Frauenwürde mitten im Krieg

Tschetschenien: Eine Überlebensstrategie gegen die Brutalität, die Demütigungen und den Missbrauch

Der folgende Beitrag ist vor 2021 erschienen. Unsere Redaktion hat seither ein neues Leitbild und redaktionelle Standards. Weitere Informationen finden Sie hier.

"Tschetschenien, das sind rauchende Schlote, Gebäuderuinen und Witwen", fasst Alexandra Schrödl vom Münchner Arbeitskreis Tschetschenien ihre Eindrücke nach mehreren Besuchen in der Kaukasusrepublik zusammen. Nach zehn Jahren Bomben, Tod und Elend ist der Kriegszustand zum Alltag geworden. Tschetschenien ist ein Ort der Rechtlosigkeit, über den es fast keine Berichterstattung mehr gibt. Wo es zum Leben nicht mehr reicht, bleibt die nackte Existenz. Wie sieht der Kampf ums Überleben aus?

Die Arbeitslosigkeit liegt bei ungefähr 95 Prozent, produziert wird so gut wie nichts mehr. Glücklich, wer einen Garten hat, sonst wird es schwierig, denn in Tschetschenien gelten für die meisten Waren Weltmarktpreise - alles ist fast so teuer wie bei uns. Seit geraumer Zeit werden wieder Renten ausbezahlt, im Durchschnitt 20 Euro, das ist schon ein Fortschritt. Glücklich also, wer Großeltern hat. Glücklich auch, wer Verwandte in den Lagern in Inguschetien hat und von dort etwas aus den Lebensmittelspenden humanitärer Organisationen erhält (noch aktiv: das Dänische Flüchtlingskomitee, UNHCR).
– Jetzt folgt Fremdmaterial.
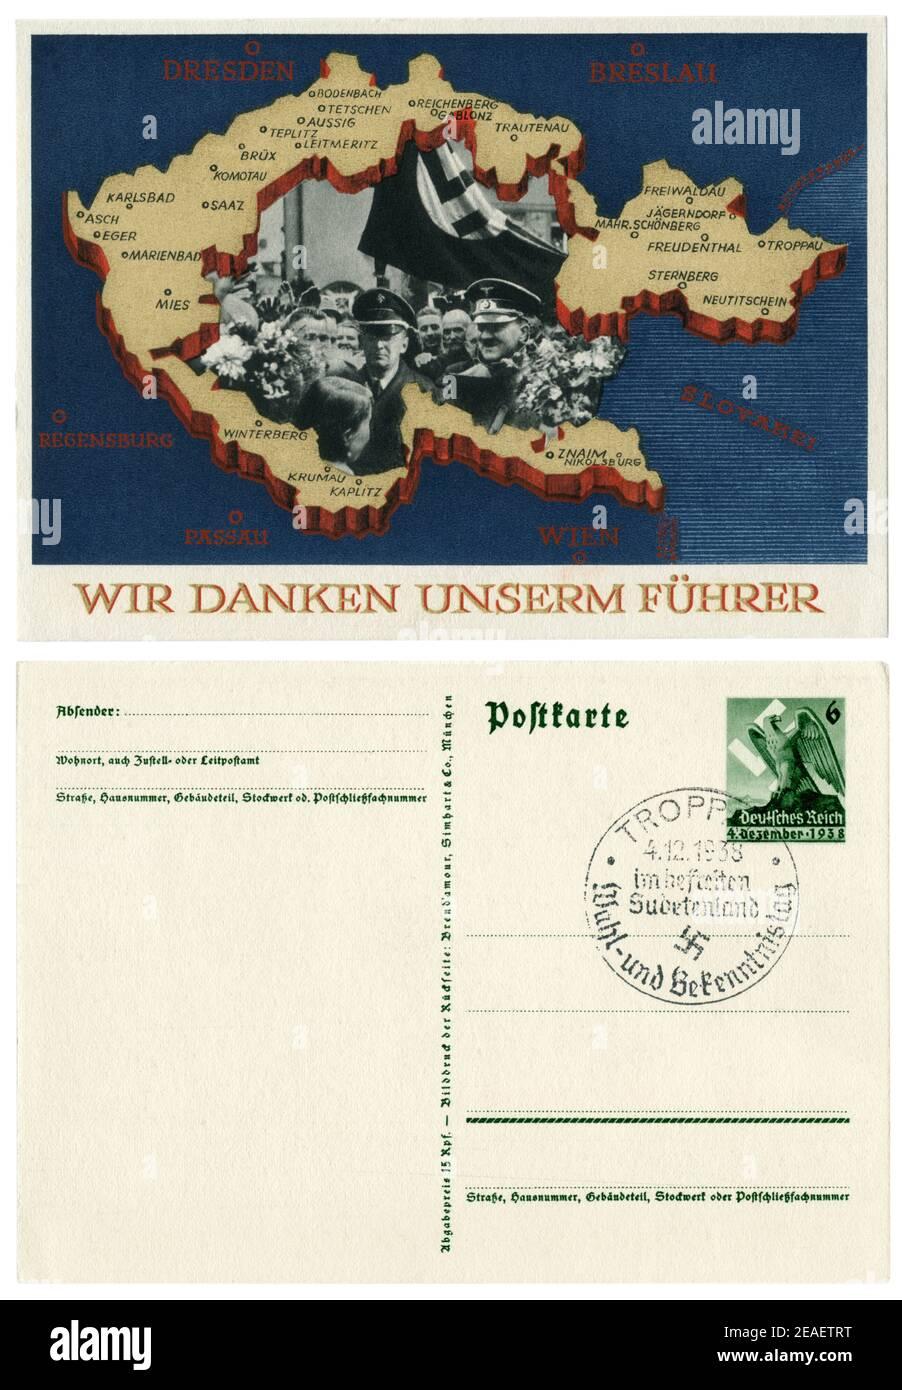 Carte postale historique allemande : plébiscite sur l'adhésion des Sudètes. Annexion de parties de Tchécoslovaquie. 29 septembre 1938, partie inverse Banque D'Images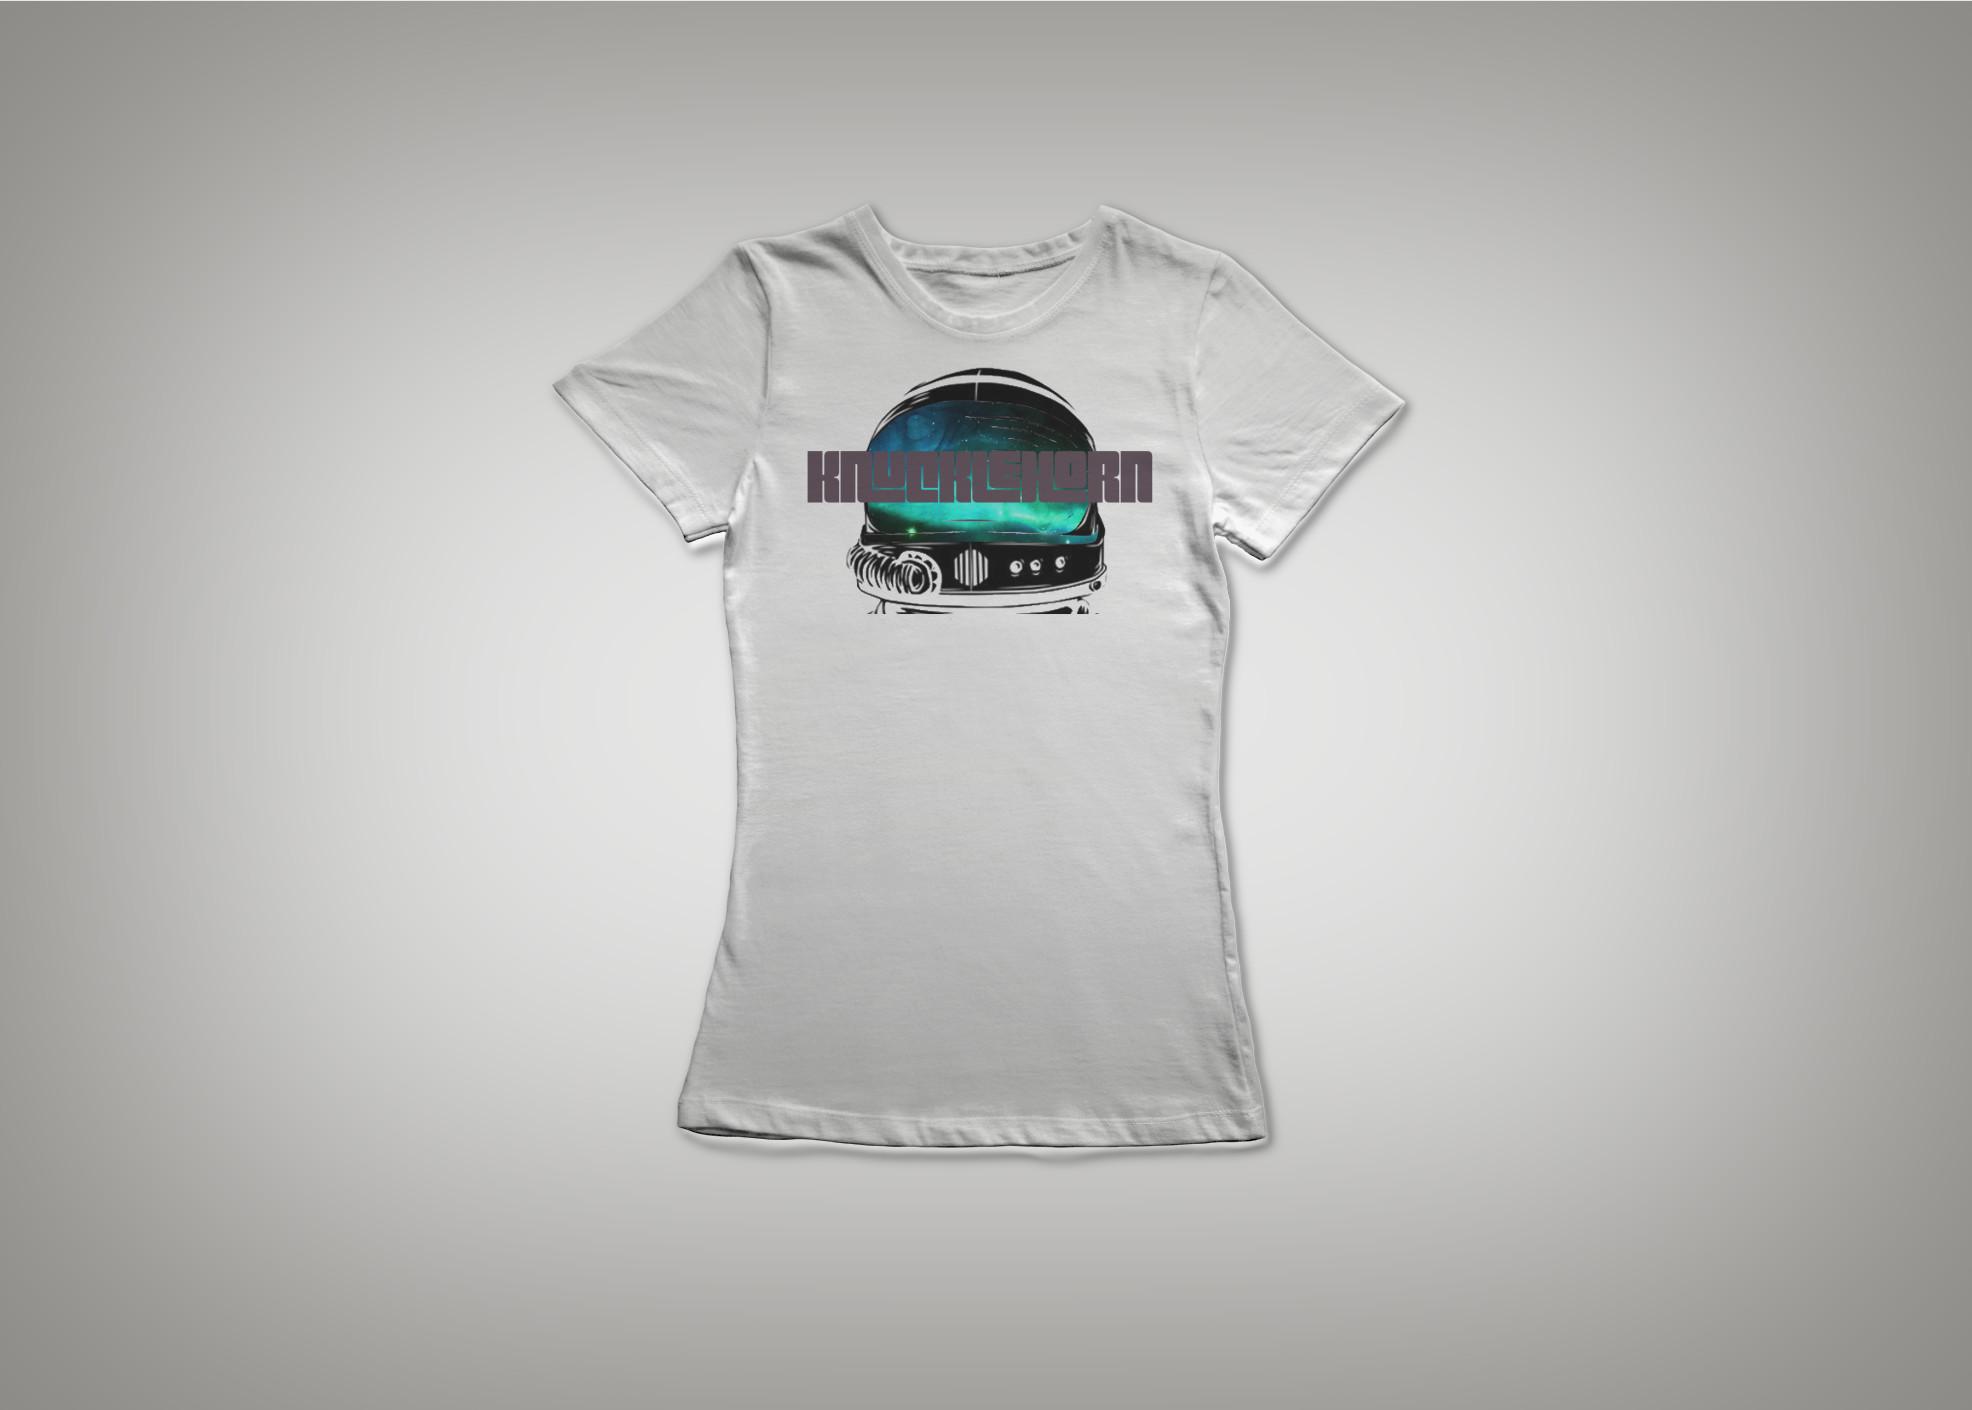 knucklehorn_ffffff_50_7866_White_Womens_T-shirt

Sonst heißt es: durchschlagen. Manche sammeln das Aluminium von Bomben, um es zu verkaufen. Weiterer Verkaufsschlager ist selbst gebranntes Benzin. Denn zirka 15 Meter unter Grosny gibt es Erdöl und viele Leute betreiben eine eigene "Bohrstation" in ihrem Garten, wo sie unter lebensgefährlichen Umständen "Erdöl fördern", es abkochen und für 6 Rubel pro Liter als Billigbenzin verkaufen - guter Kunde ist das russische Militär.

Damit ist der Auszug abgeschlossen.